Summary
Oracle 11g returned an empty result set on the first execution of a seemingly correct query, and only produced rows on subsequent runs.
The issue involved an inner join against table R000 and a conditional WHERE clause that later caused the optimizer to choose a different plan.

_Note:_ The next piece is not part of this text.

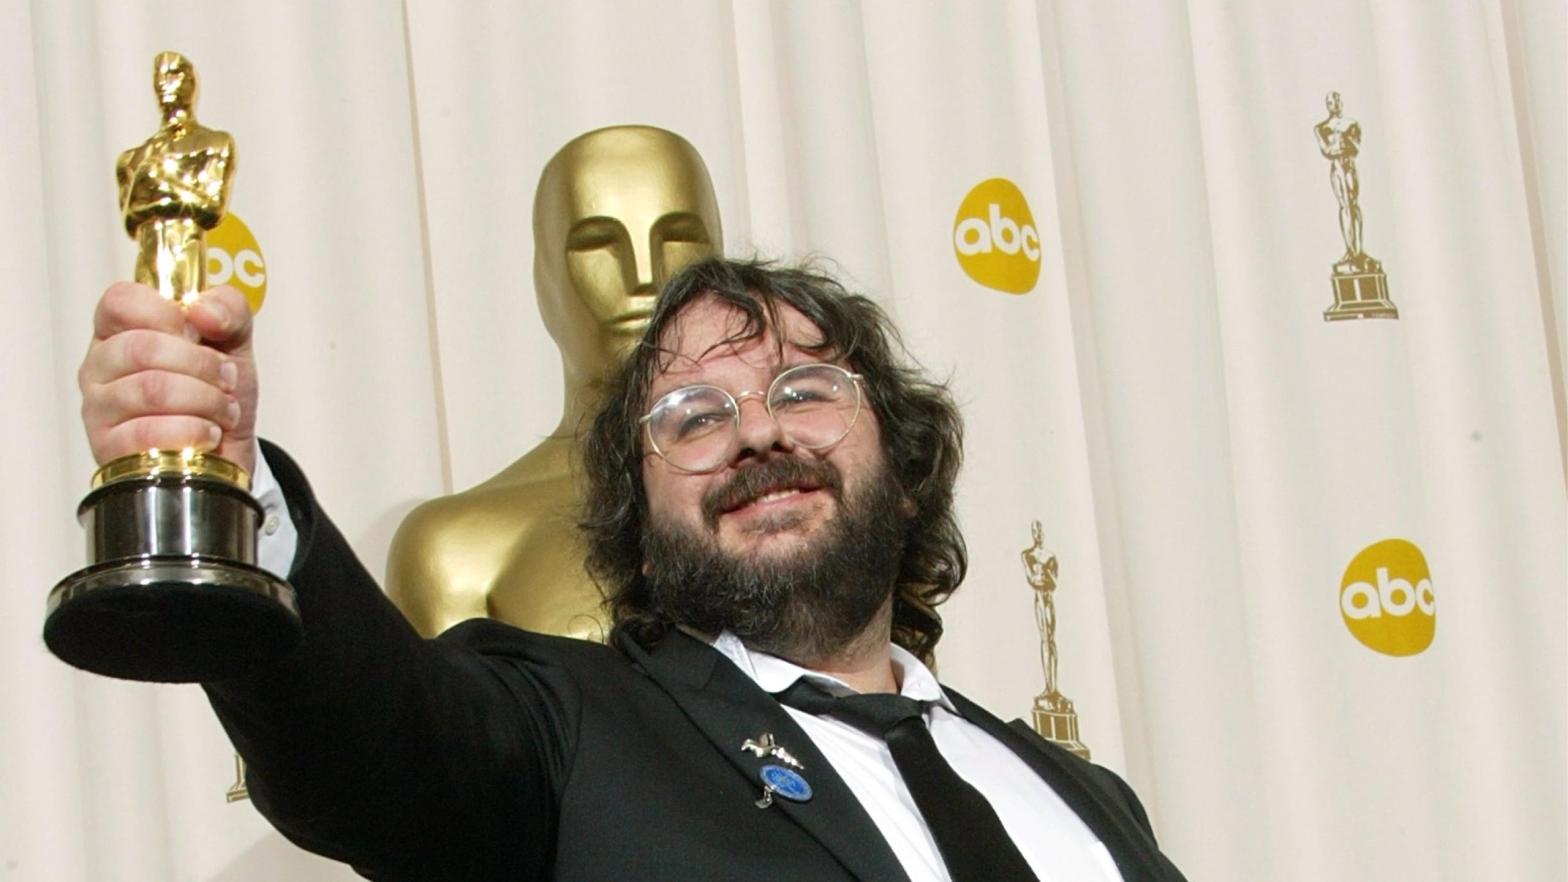 Peter Jackson holds aloft his Best Director Oscar for Return of the King at the 2004 Academy Awards. (Image: Frederick M. Brown, Getty Images)

Changing the join to a left outer join resolved the problem, but adding WHERE R000.FKLZ IS NOT NULL re‑introduced the failure.
The root cause was a stale optimizer statistic on R000 that led the planner to pick a plan that discarded the rows, followed by a “warm‑up” scenario where the same query generated a different plan after the first run.
Root Cause
- Outdated or missing statistics on
R000caused the optimizer to misestimate cardinality. - The optimizer cache reused a plan that assumed a very low selectivity for the join condition.
- After the first execution, the runtime statistics were refreshed implicitly, prompting a new plan that actually returned rows.
- Adding a
WHERE R000.FKLZ IS NOT NULLfiltered out the hidden rows because the earlier plan had already eliminated them.
Why This Happens in Real Systems
- Statistical drift: Production workloads change, but tables don’t get re‑stats frequently.
- Cache behavior: Oracle may keep a plan for a query in the shared pool; subsequent runs use the cached plan until the cache is purged.
- First‑run cold cache: The initial execution might not hit the costs expected because of uninitialized statistics.
- Implicit plan changes: A small modification (e.g., changing an INNER JOIN to LEFT OUTER JOIN) can trigger a totally different plan.
Real-World Impact
- Zero availability of critical data for the first run of a batch job.
- Data inconsistency in downstream processes that depend on the query.
- Unexpected downtime for dashboards or analytics that rely on the query.
- Increased support load as operators investigate intermittent “no rows” errors.
Example or Code (if necessary and relevant)
SELECT RC201.FKLZ RC201_FKLZ,
RC201.NR RC201_NR,
-- ... other columns omitted for brevity ...
R000.FKFS
FROM RC201
JOIN RC220 ON RC201.CUST_FPLZ = RC220.CUST_FPLZ
JOIN R000 ON RC201.FKLZ = R000.FKLZ
WHERE ( R000.FKFS < 7 AND
(rc201.cust_fpfs IS NULL OR (rc201.cust_fpfs 0)) AND
(rc220.cust_fpfs IS NULL OR (rc220.cust_fpfs 0))
)
OR ( RC201.cust_fpfs >= 7 AND active = 1 )
OR ( rc220.cust_fpfs >= 7 AND active = 1 )
OR ( R000.FKFS >= 7 AND active = 1 )
AND RC201.CUST_FPFS != 2
AND (rc201.fklz != 'UNPROD' or rc201.active = 1)
-- problematic condition when uncommented
-- AND R000.FKLZ IS NOT NULL
How Senior Engineers Fix It
-
Refresh statistics on all involved tables, especially
R000:EXEC DBMS_STATS.GATHER_TABLE_STATS('SCHEMA', 'R000', estimate_percent => 100); -
Force a new plan with a query rewrite or plan guide if needed:
DBMS_XPLAN.DISPLAY_CURSOR(fcur => 'last', fplan => 'ALL'); -
Use a binder variable or opt_param to encourage a fresh optimiser estimation:
ALTER SESSION SET optimizer_features_enable = '11.2.0.4'; -
Schedule regular stats jobs tied to data change thresholds.
-
Remove hidden filters (e.g.,
WHERE R000.FKLZ IS NOT NULL) and ensure the join semantics match the intended logic.
Why Juniors Miss It
- Assuming stats are always accurate; they rarely check when encountering intermittent failures.
- Overlooking shared pool plan caching; they may think each execution is independent.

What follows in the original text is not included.